I won't reveal what her dirty tricks are, since that would spoil what is to be read up ahead here, but all of what she's got, accompanied by how she's braver than Gloria, the fact that both of them are plenty brave notwithstanding(how could she not be, the way that she's faced things that would terrify Gloria head on in more than a few instances?)and her leaping ability being superior to Gloria's, even though the latter can leap about, too, and is far more agile than her size would indicate, makes sure of it that the odds here are not so lopsided, after all.

Now, then, without further ado, I bring to you the battle of Dreamworks and Disney as Gloria and Rita go at it courtesy of the Satans making sure of it that they do after both are selected and brought into the basketball court in present day New York City against their wills(ironic, since both are only too familiar with the New York City parts of their respective universes)for a means of getting a hero against hero fight over with so that they can focus more on villains, whether it is a hero fighting one or not, and get their minds off of the way that they were livid beyond words when Soto beat Thrax while they expected the latter to come out on top(which he almost did, quite ironically enough).

THINGS TO NOTE:

I own neither "Oliver And Company" nor "Madagascar", and I don't own what song will have its last part of via final chorus being played at the end of the fight, either, as it belongs to what artist you'll either know once it's played or learn of when I tell you after this episode is over, specifically below the end of the episode itself.

Though I have made this clear before, and how I don't own any of the Satans, either, I'll just be giving reminders of it in this episode and further ones because I want to be certain no one gets the idea I own anything here(most likely, no one will, but it's a "just in case" type thing).

DIRTY TRICKS

Episode 2: Gloria VS Rita

"Okay, there's going to be a hero against hero fight inevitably, and more than once, so let's just get the first one over with here." the Oliver And Company universe Satan suggested, and the Madagascar universe Satan suggested: "Agreed. How about you and I pick one of the two contenders from each one?"

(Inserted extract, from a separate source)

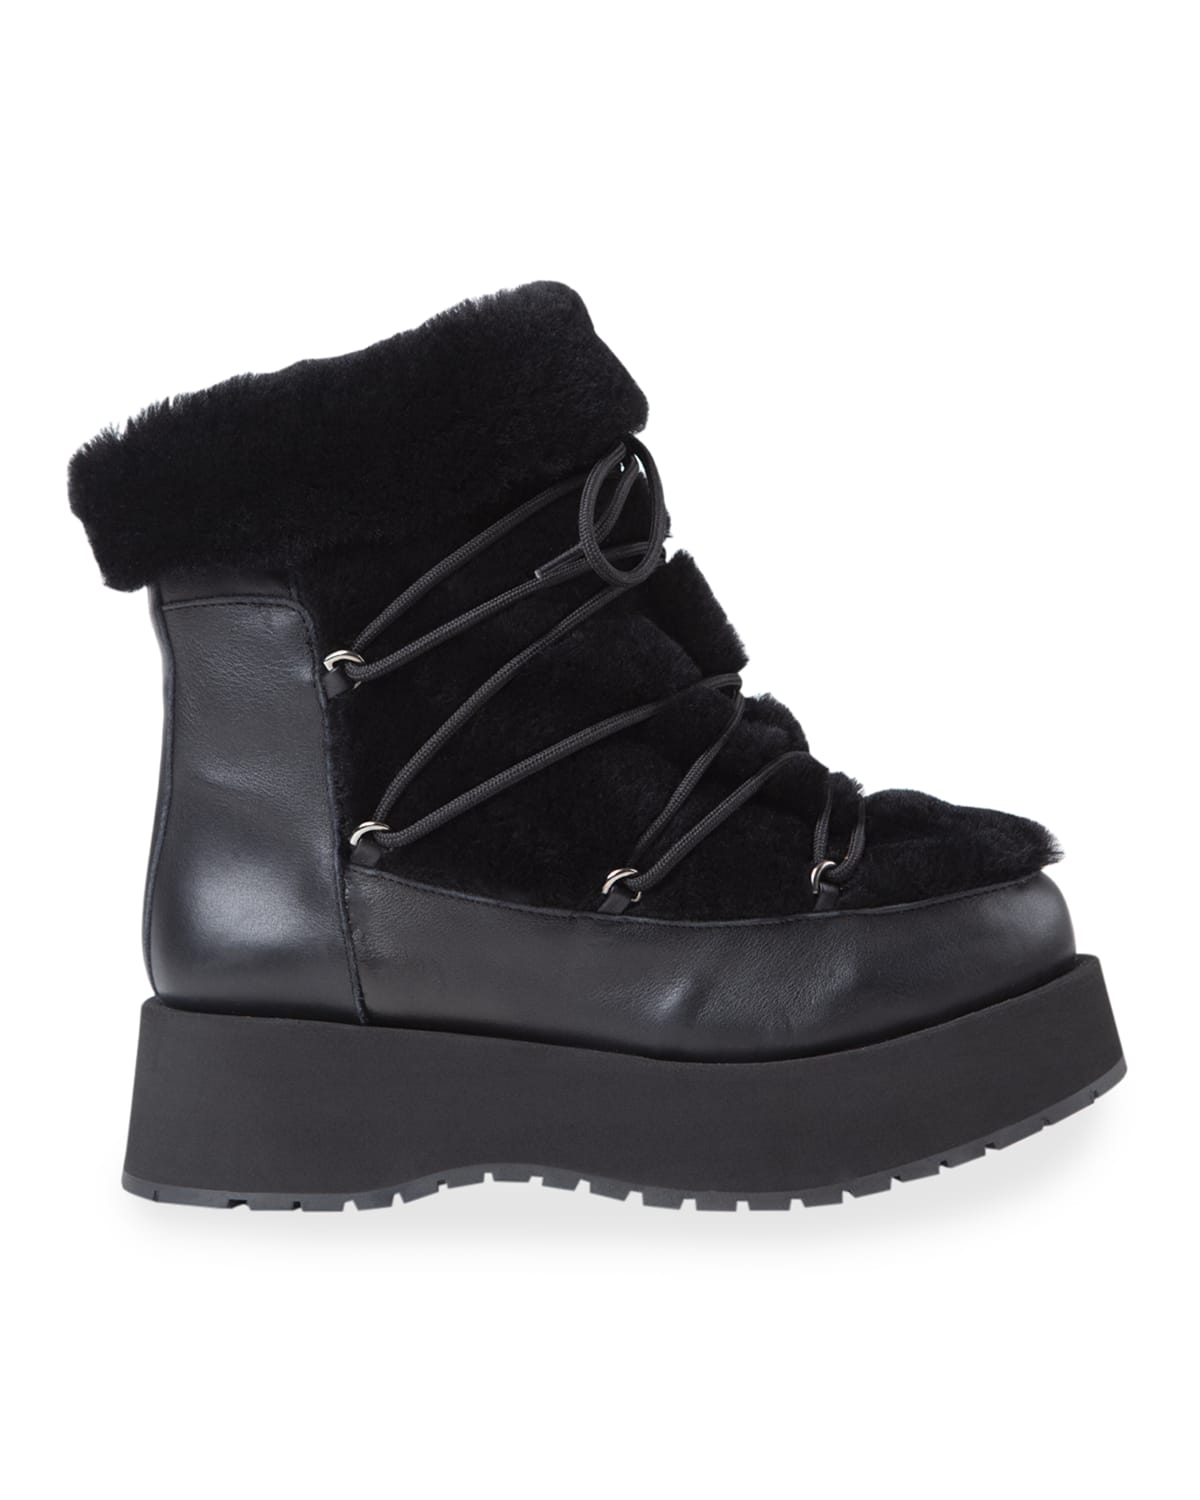 Paloma Barceló Miska Leather Shearling Lace-up Booties In Black | ModeSens
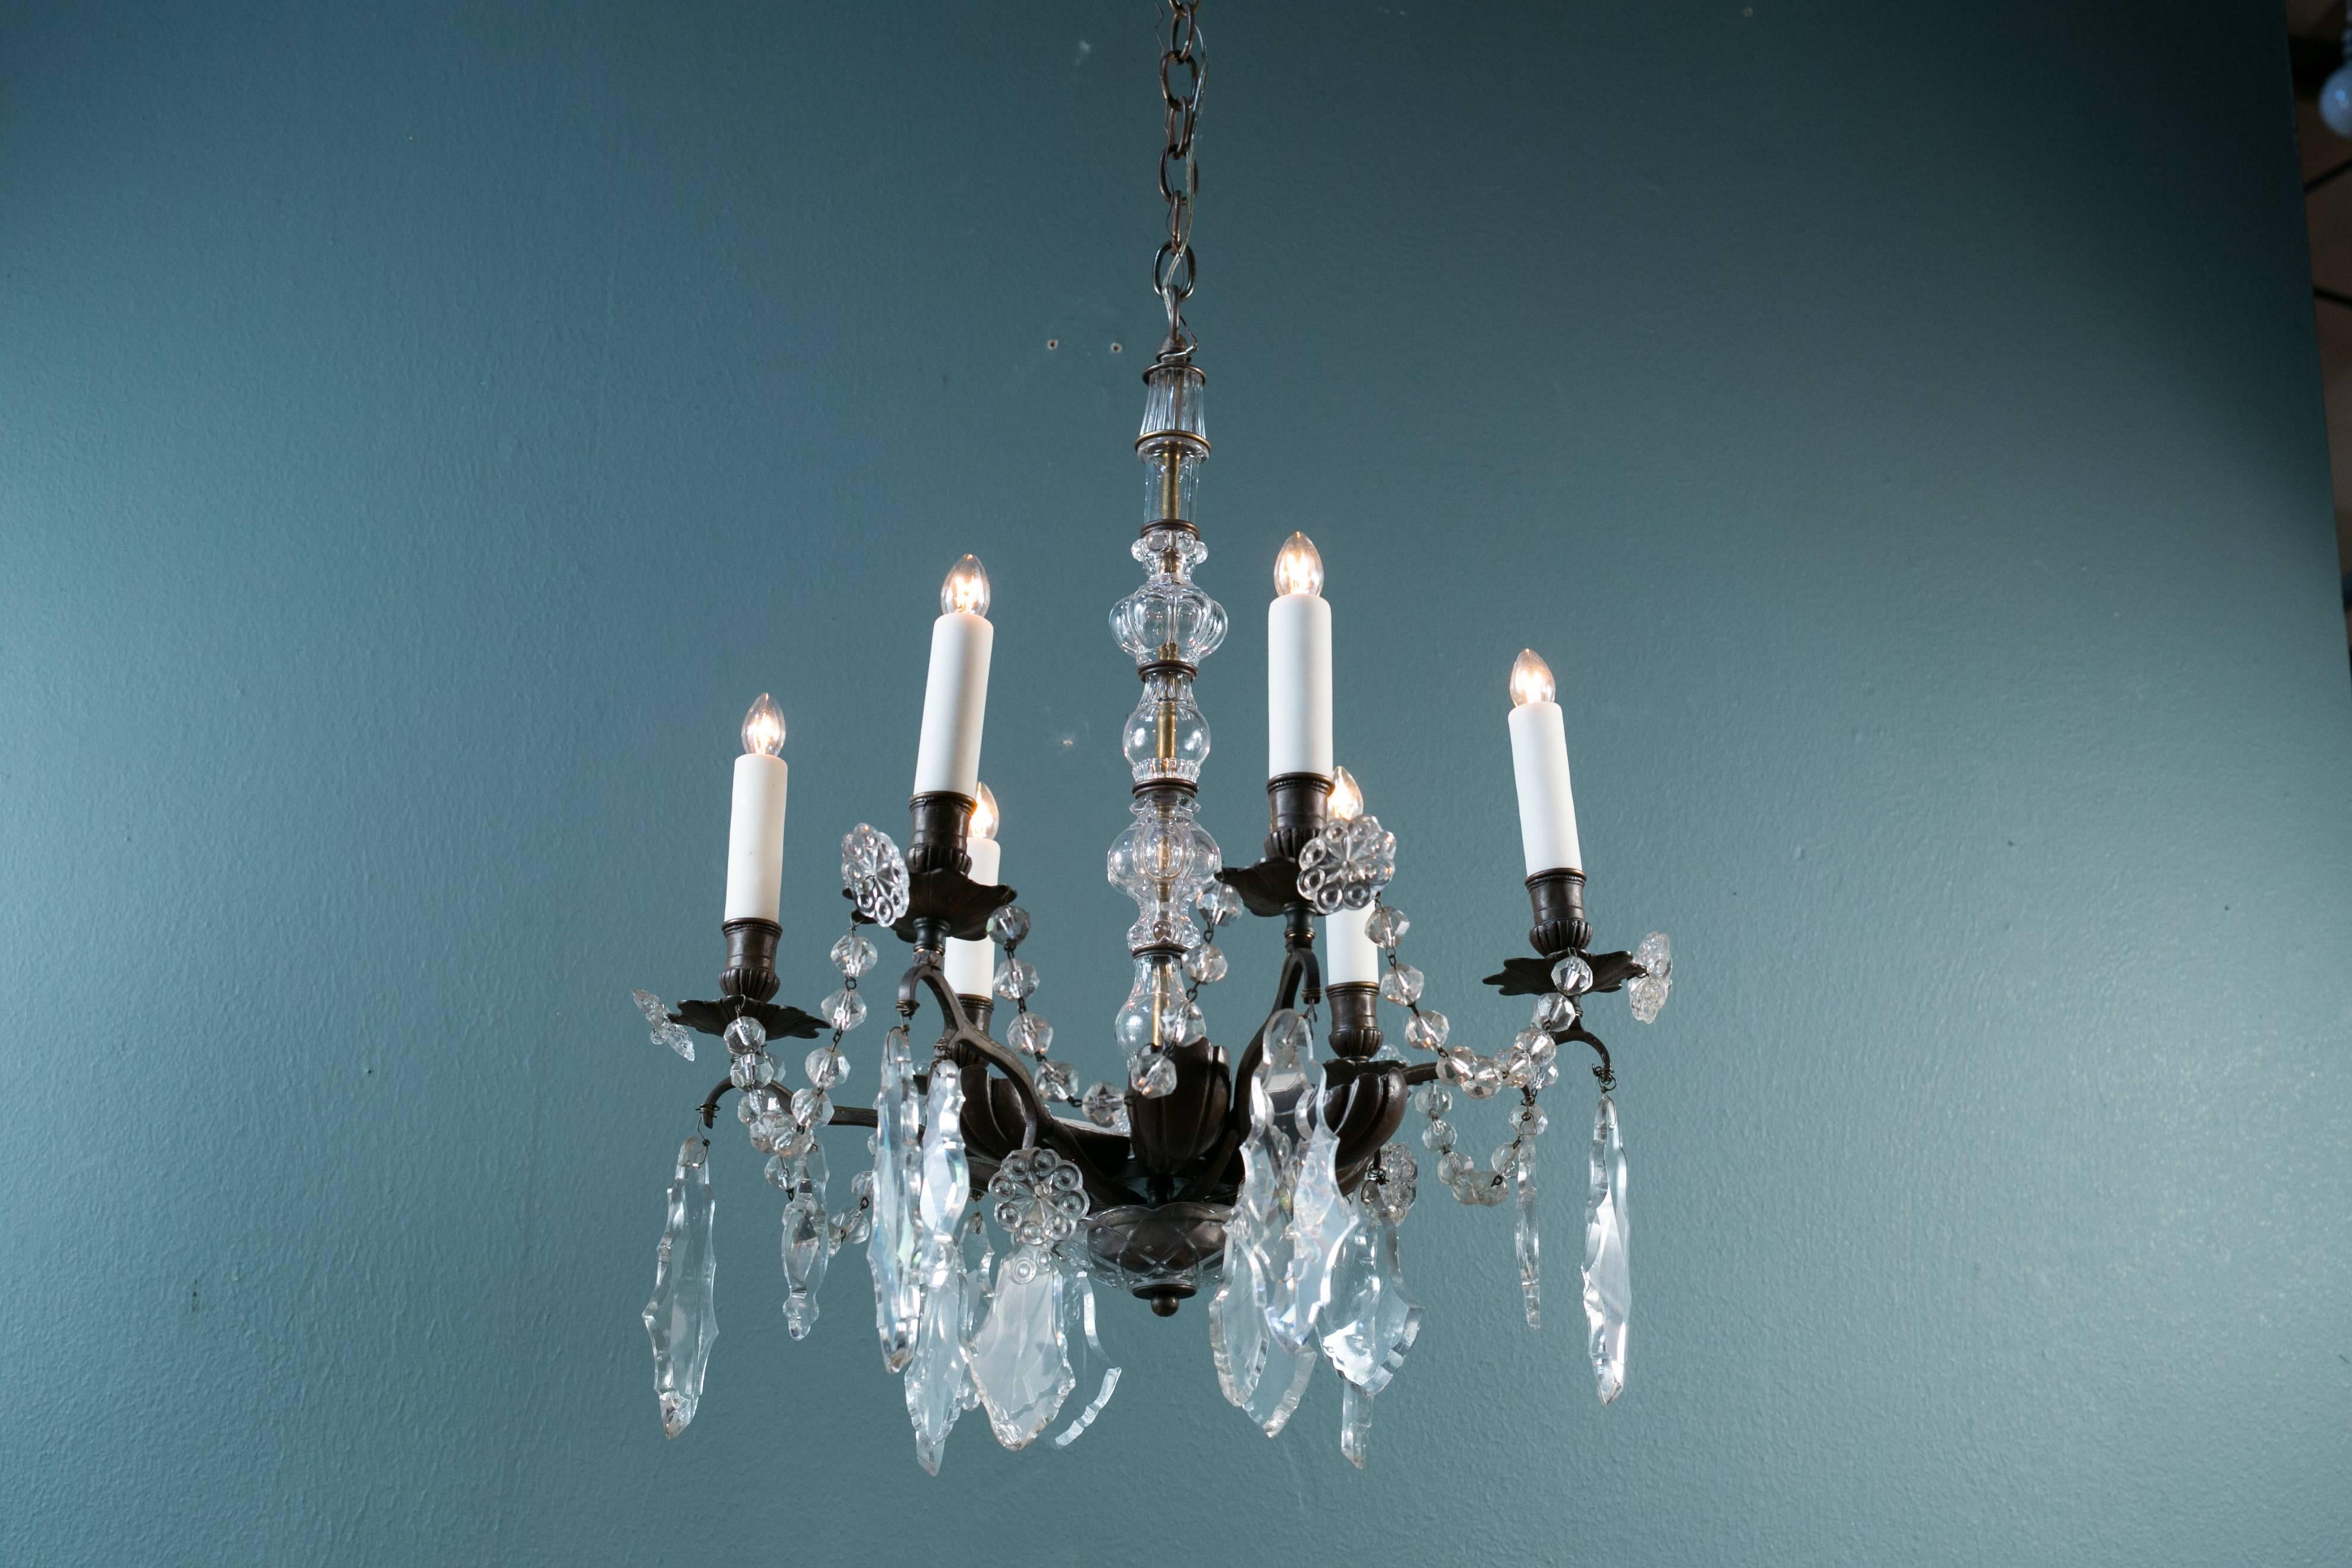 Cast Bronze and Crystal Chandelier from France, circa 1890

"Does that sit well with you? Because I have no objections." the Satan from the Oliver And Company universe said, and the other Satans nodded to show that he and the Madagascar universe Satan could proceed as they wished.

"OKAY, THEN!" both said in unison, and they made it so that Rita and Gloria were teleported into the real world New York City's present day basketball court, using their powers with the assistance of the other Satans to make sure of that, and with how it worked, both of them quickly realized who the other had to be, given they'd gained all of the knowledge which they had during all of this, including how this was supposed to be a one-sided fight in which one do-gooder smashed the other, at least as far as they were intent on, anyhow.

"Oh, dear God!" Rita said. "This shit did not just fucking happen." and then she heard Gloria say: "I'm afraid it did, Rita, as much as I wish that I could say otherwise."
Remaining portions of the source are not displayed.